After the loss to the Marlins that ended the Mets season, Willie Randolph spoke to his team and cried.
“I told my players this is a life lesson in baseball and in how to become champions,” Randolph said to reporters afterwards. “And when you get to that road you have to seize it because you never know when it’s going to come again.”
The speech Randolph gave his team was a rare one. His attitude during a disastrous 5-12 run over the season’s final 17 games was to reaffirm his faith in his players publicly, and to let them play without any undue managerial interference.
“For me, I don’t want to change anything,” he told the Observer last Sunday. “I just have to be myself, really. And that’s really all I have.”
Meanwhile, his players were describing themselves as complacent and bored.
The Mets had a 7 game lead with 17 games to play and their collapse stands with those of the 1951 Dodgers, the 1964 Phillies, the 1978 Red Sox and the 1995 Angels as baseball’s all-time worst.

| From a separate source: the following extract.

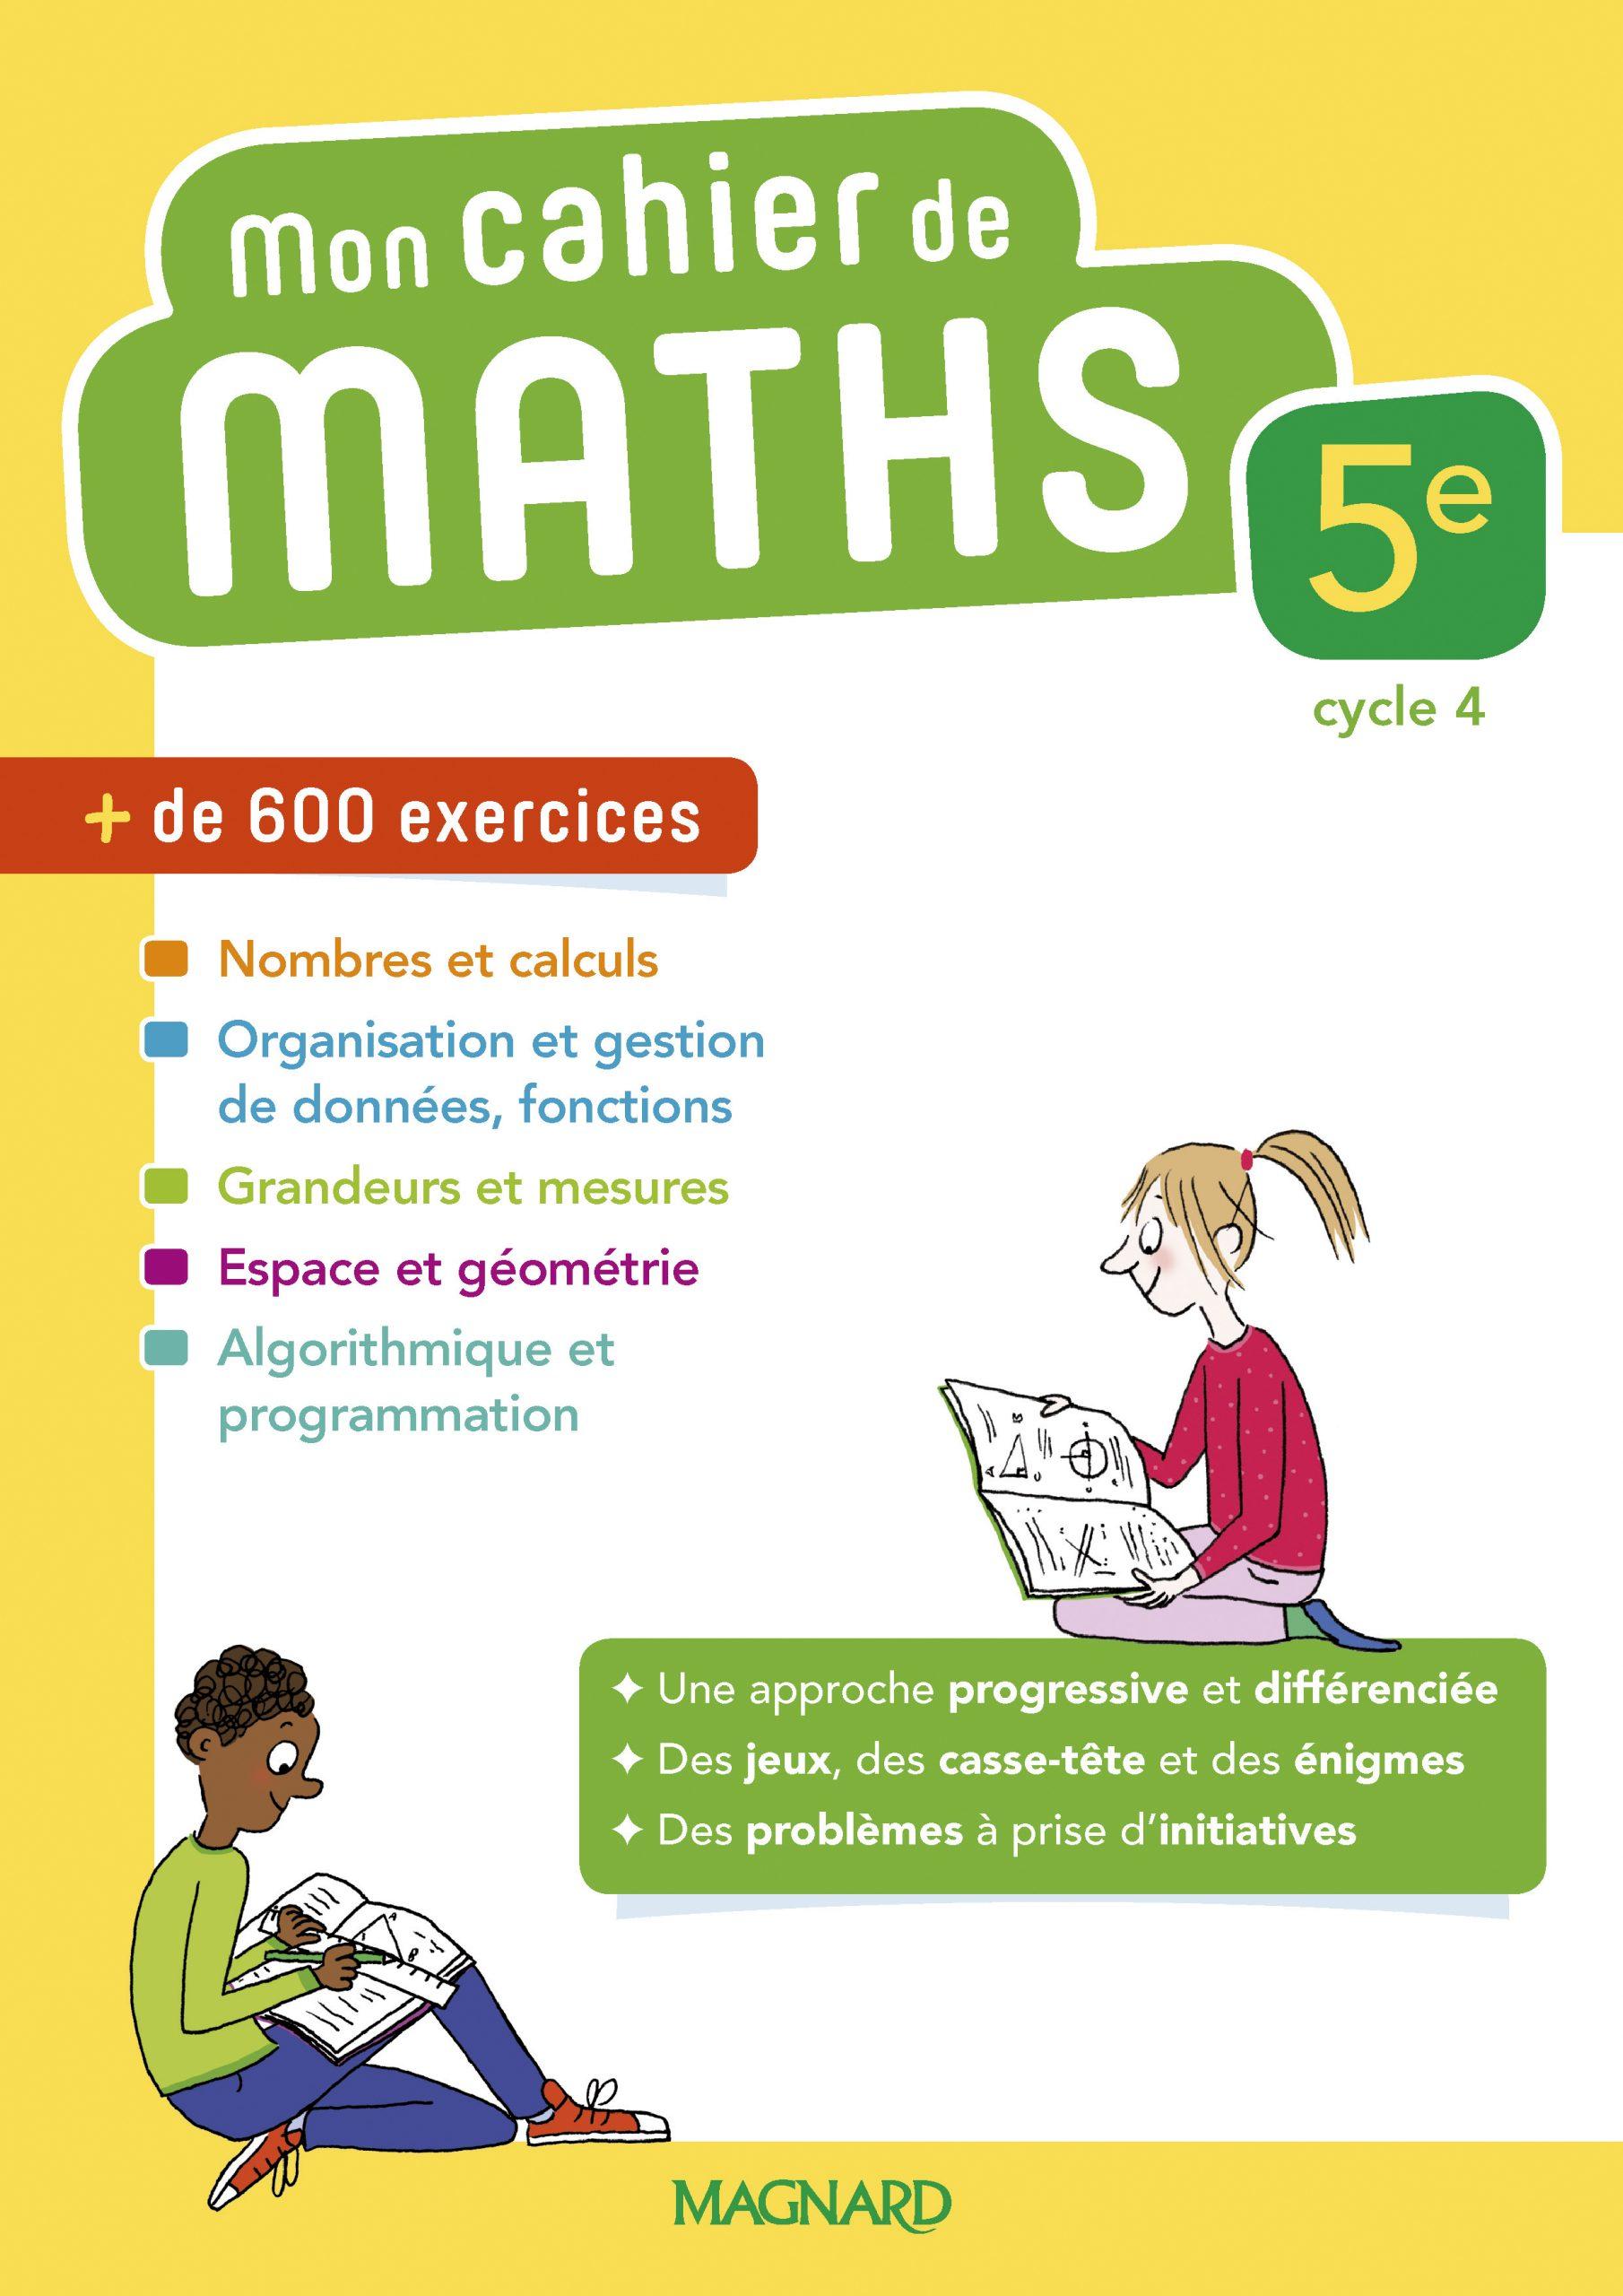 Mon Cahier De Maths 5E (2018) | Magnard Enseignants dedans Jeux De Maths Gratuit

The managers for three of those teams—Chuck Dressen, Don Zimmer and Marcel Lachemann, respectively—were let go within two years of the respective meltdowns. The Phillies’ manager, Gene Mauch, never saw the playoffs again with that team.
General Manager Omar Minaya praised Randolph to reporters yesterday afternoon, but stopped short of saying that the manager’s job was safe. “I owe it to ownership to sit down and talk to them,” Minaya said to ESPN.
A media relations official for the Mets said yesterday that the Mets would not issue a statement regarding Randolph’s job status.
“Any time you have an opportunity to finish the deal and don’t capitalize on it,” said Randolph yesterday, “it will come back to haunt you.”